The advocacy team serves as the steward of the organization's advocacy data.

Their responsibilities fall into three primary areas.

First, they recruit continuously. Advocates change jobs, priorities shift, and customer enthusiasm naturally evolves over time. Maintaining a healthy advocacy community requires constant replenishment.

Second, they keep information current. Customer stories, product deployments, business outcomes, and willingness to participate all change. Outdated advocacy data quickly becomes unreliable.

Third, they measure and report value. Advocacy programs must demonstrate their contribution to business outcomes such as customer acquisition, retention, and expansion.

Beyond maintaining records, the advocacy team actively shapes the composition of the database to align with company growth objectives.
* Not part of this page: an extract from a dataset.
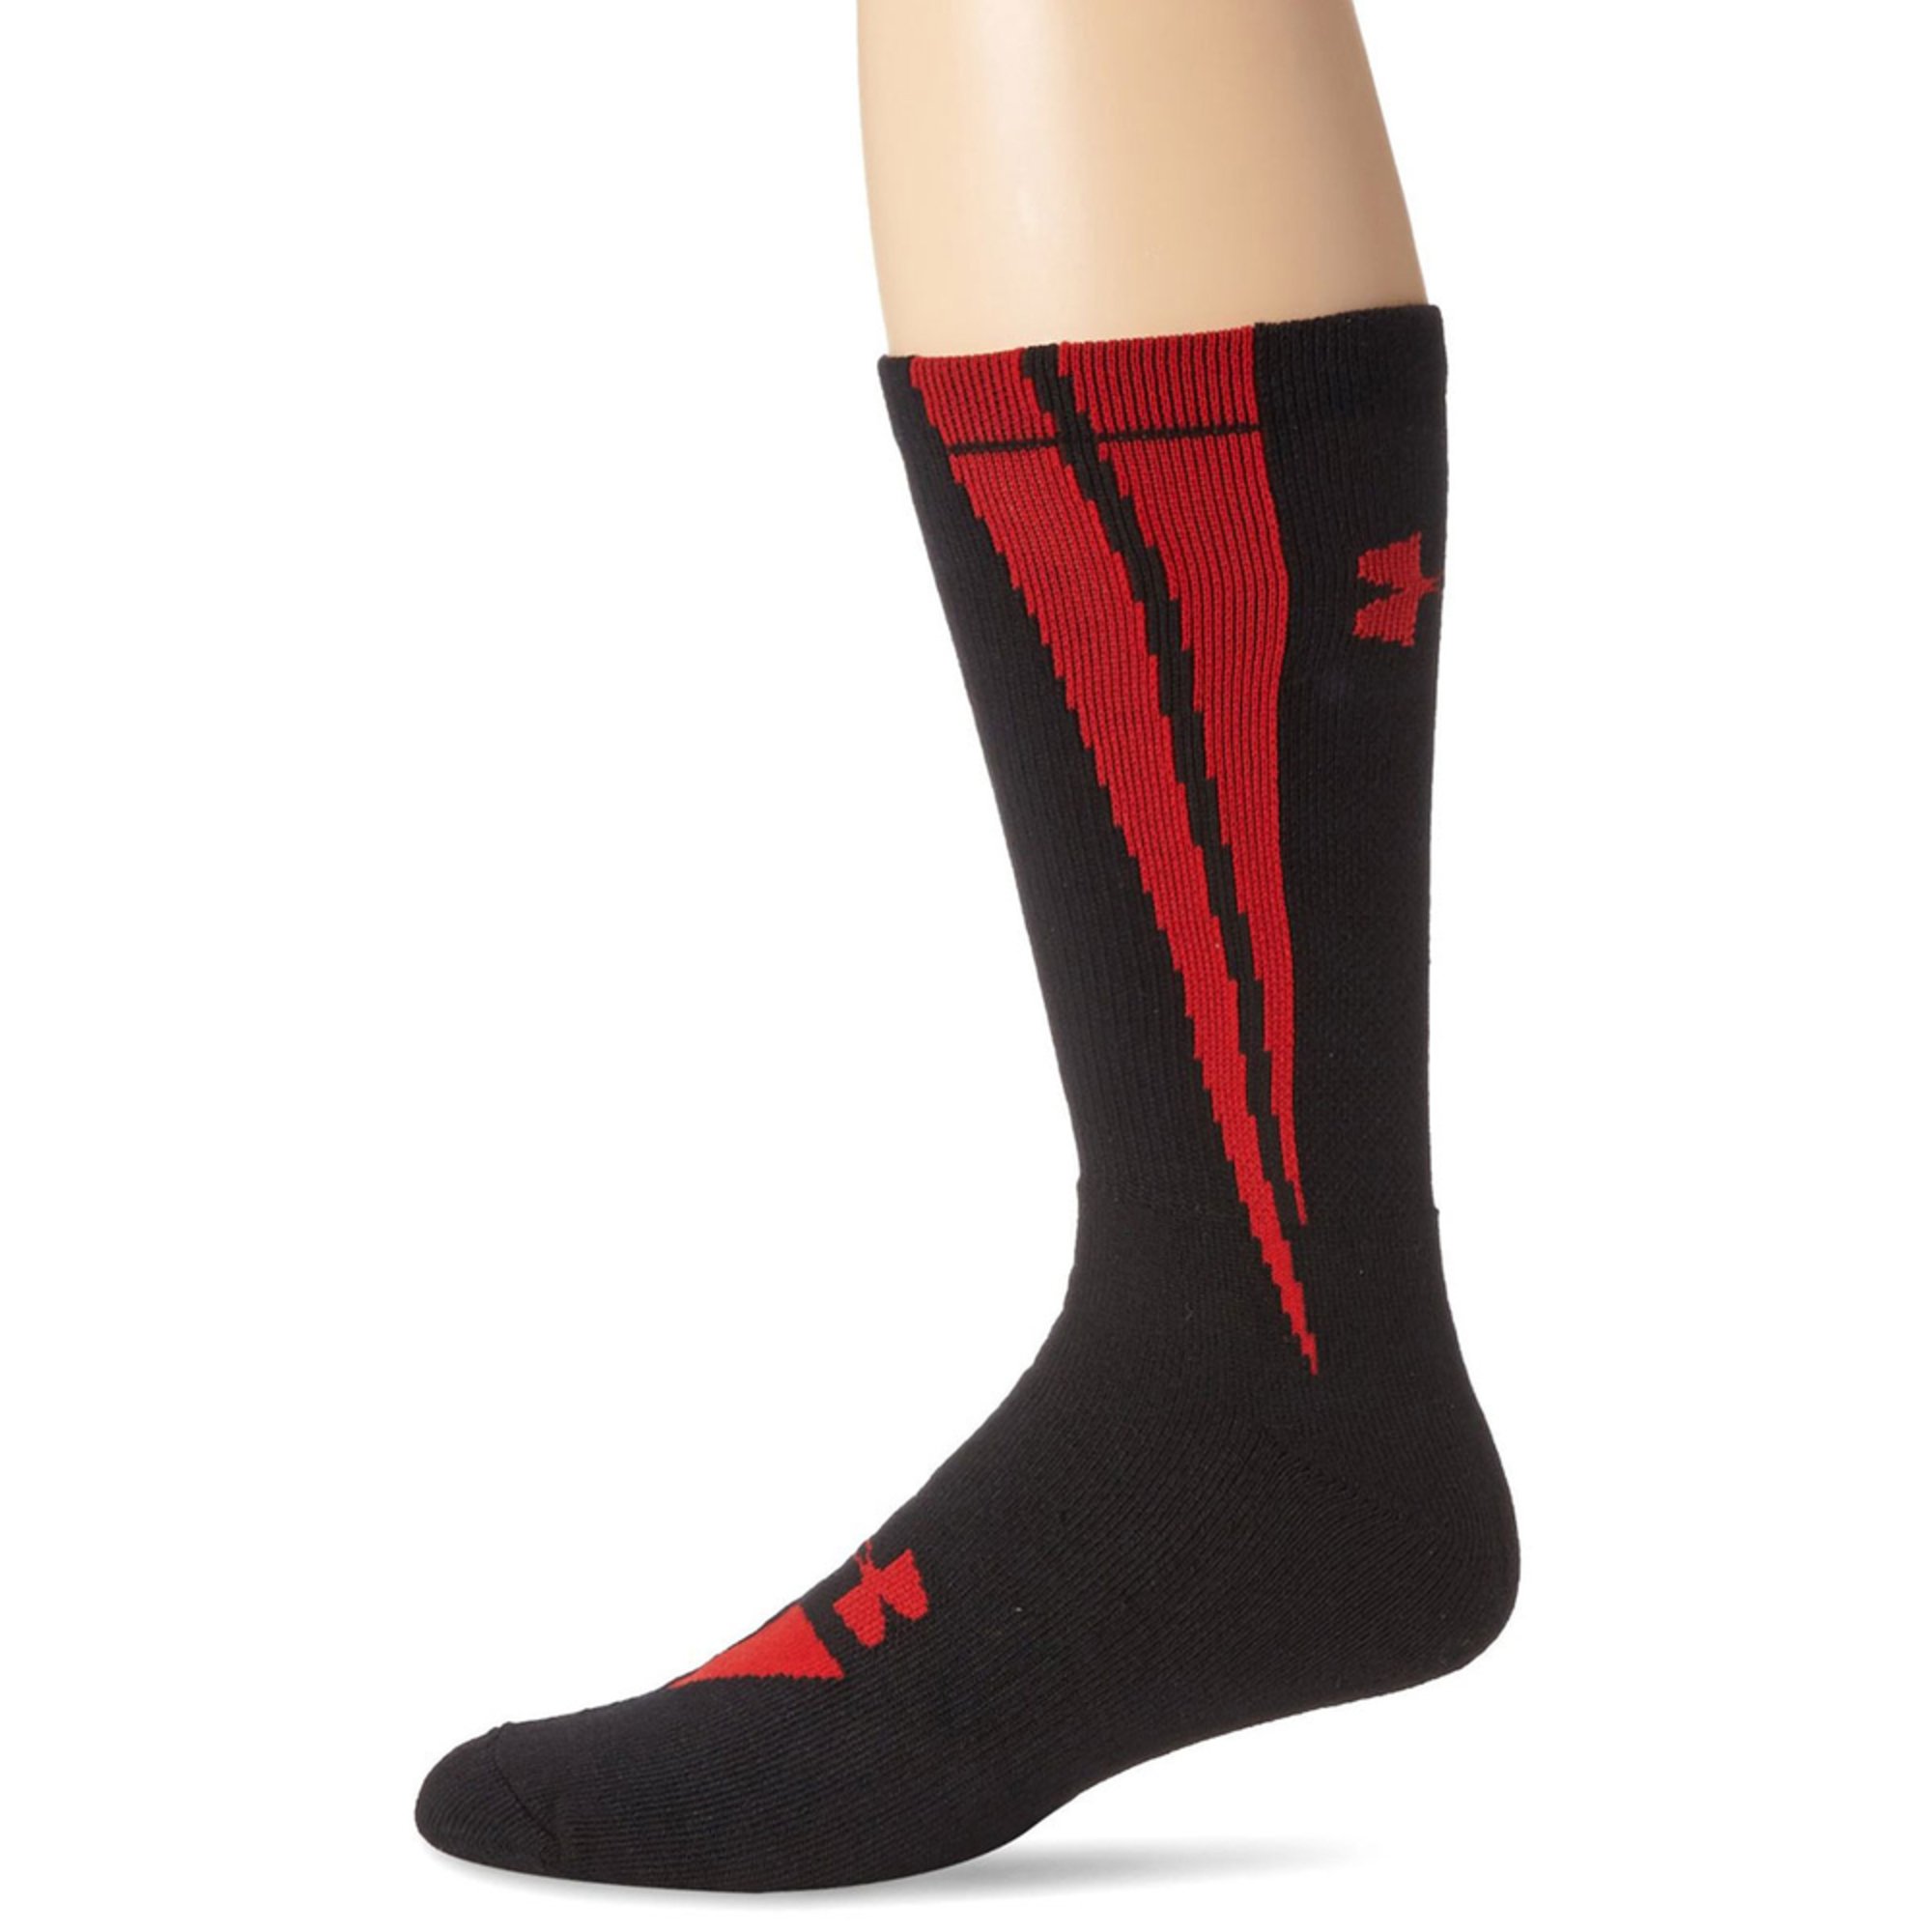 under armour under armour socks based on 0 reviews msrp $ 12 99 color ...

This is essential if the program is to be seen by executives as a strategic lever vs. a low-level function an intern can run. 

If the company’s strategic direction includes expanding into healthcare, launching a new product, selling through a new channel, entering Asia, or targeting a specific buyer persona, the advocacy team ensures the advocate population evolves accordingly.

In many ways, they function as portfolio managers for one of the company's most valuable assets: customer credibility.

4. Advocates Power the Enterprise

Most organizations initially think of advocacy as a sales resource.

Sales certainly benefits from customer references, but advocacy creates value far beyond the sales organization.

  • Demand generation teams use advocates to improve campaign performance.
  • Public relations teams rely on customer voices to strengthen media stories.
  • Product marketing teams use customer experiences to validate positioning and messaging.
  • Investor relations teams use customer success stories to reinforce market confidence.
  • Digital teams create customer-driven content that resonates more strongly than vendor-created content.
  • Executives benefit from authentic customer perspectives during strategic discussions, presentations, and industry events.

The common thread is credibility.

Advocates provide something no marketing budget can purchase directly: authentic proof from real customers.

5. Integrated Program Components

Most mature advocacy programs include additional components that extend value for both advocates and the business.

  • Customer advisory boards create structured executive engagement.
  • Communities connect customers with peers and facilitate knowledge sharing.
  • Peer review programs generate public validation through platforms such as G2 and Gartner Peer Insights.
  • Recognition and rewards programs encourage participation and acknowledge contributions.
  • Customer content programs transform customer experiences into videos, case studies, webinars, podcasts, and other assets.

These activities are connected mechanisms that strengthen relationships, increase engagement, and create additional opportunities for customers to contribute.

Together, they help transform advocacy from a transactional activity into an ongoing customer experience.

6. Business Outcomes

The ultimate purpose of customer advocacy is not activity.

It is business impact.

  • A well-managed advocacy program helps organizations acquire new customers by providing trusted proof during buying decisions.
  • It helps retain existing customers by creating stronger relationships and deeper engagement.
  • It helps expand existing accounts by supporting cross-sell and upsell initiatives with relevant customer stories and peer validation.
  • Just as importantly, the program ensures advocates are neither overused nor underused, both of which can erode goodwill.

In Summary

Advocates are valuable assets. The advocacy team's job is to make sure those assets are available when needed, protected from burnout, and aligned with the organization's most important priorities.

When done well, customer advocacy transforms customer success into measurable business value. It is an enterprise capability built on trusted relationships, reliable data, and authentic customer voices.